The extracted RNA was size-selected by denaturing PAGE using a 15% TBE-Urea gel, and fragments corresponding to 15–35 nucleotides (or 26–35 nucleotides for select libraries) were excised. RNA fragments were dephosphorylated using T4 PNK (New England Biolabs), and ligated to a 3′ oligonucleotide adapter containing a unique molecular identifier (UMI) hexanucleotide degenerate sequence using T4 RNA ligase 2 – truncated (New England Biolabs) for 3 hr at 37°C. Ribosomal RNA was depleted using RiboZero (Illumina) omitting the final 50°C incubation step in an effort to reduce contamination of short fragments of rRNA. RNA was then reverse-transcribed to cDNA using Superscript III (Thermo Fisher Scientific) using RT primer with a second four-nucleotide UMI sequence, RNNN. cDNA was then circularized using circLigase (Lucigen) and amplified by PCR using Phusion high-fidelity polymerase (New England Biolabs).
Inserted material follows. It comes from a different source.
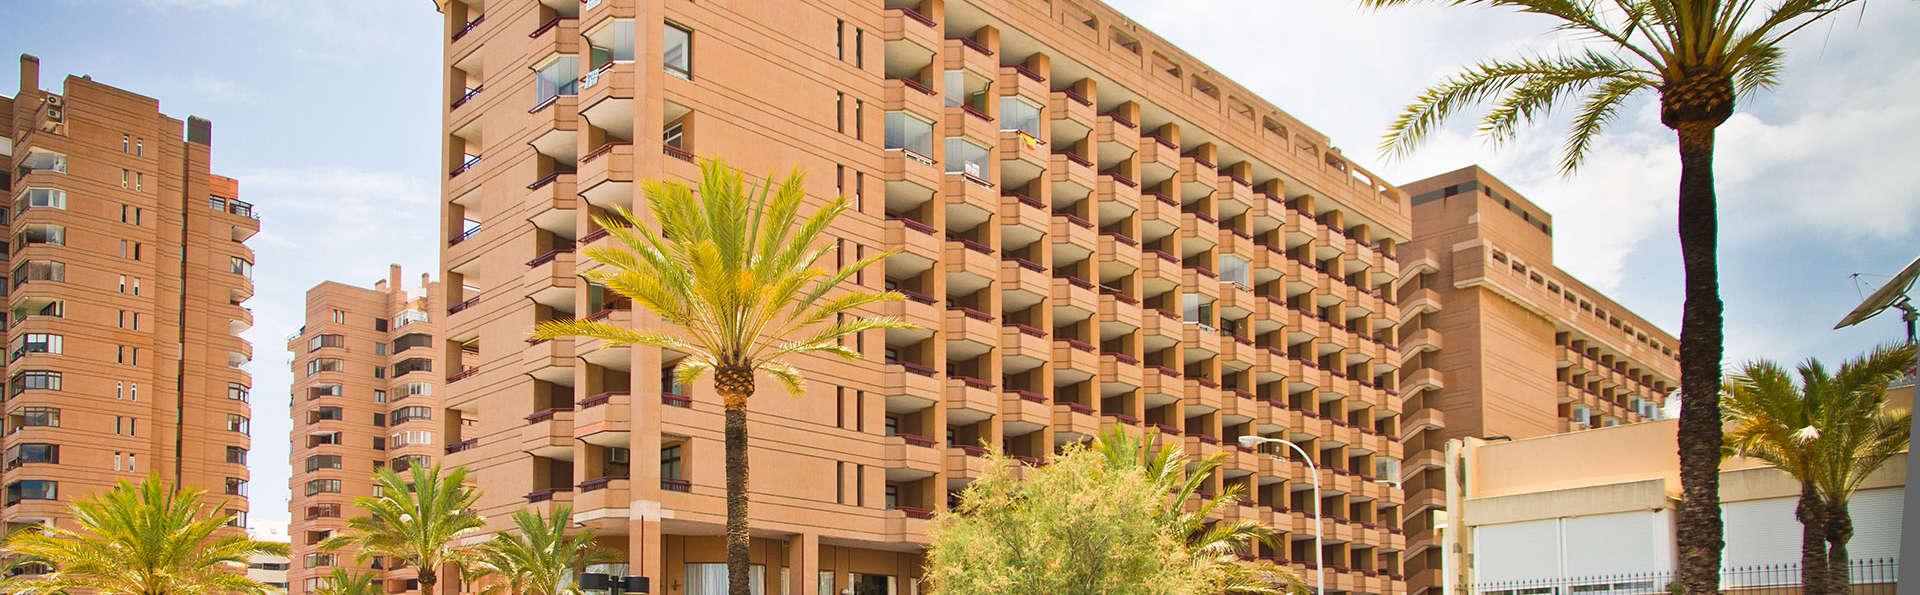 Hotel Las Palmeras - edit_front.jpg

PCR-amplified libraries were quantified with a Bioanalyzer 2100 (Agilent) using the High Sensitivity DNA kit and pooled in equimolar ratios. Sequencing was performed using a HiSeq2500 (Illumina) at the Johns Hopkins Institute of Genetic Medicine.
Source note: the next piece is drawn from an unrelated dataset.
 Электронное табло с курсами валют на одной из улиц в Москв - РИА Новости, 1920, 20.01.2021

Preparation of libraries for RNA-seq
View detailed protocolTotal RNA was extracted from 50 or 100 µL of lysate using 1 mL of TRIzol (Thermo Fisher Scientific). Following precipitation, the RNeasy kit (Qiagen) was used to clean-up RNA prior to library preparation. Starting with 1.0 µg of total RNA, RNA-seq libraries were prepared using the low-throughput TruSeq Stranded Total RNA Library Prep Gold kit (Illumina). As for ribosome profiling, cDNA libraries were quantified using a Bioanalyzer 2100 (Agilent) with the High Sensitivity DNA kit and sequenced with a HiSeq2500 (Illumina).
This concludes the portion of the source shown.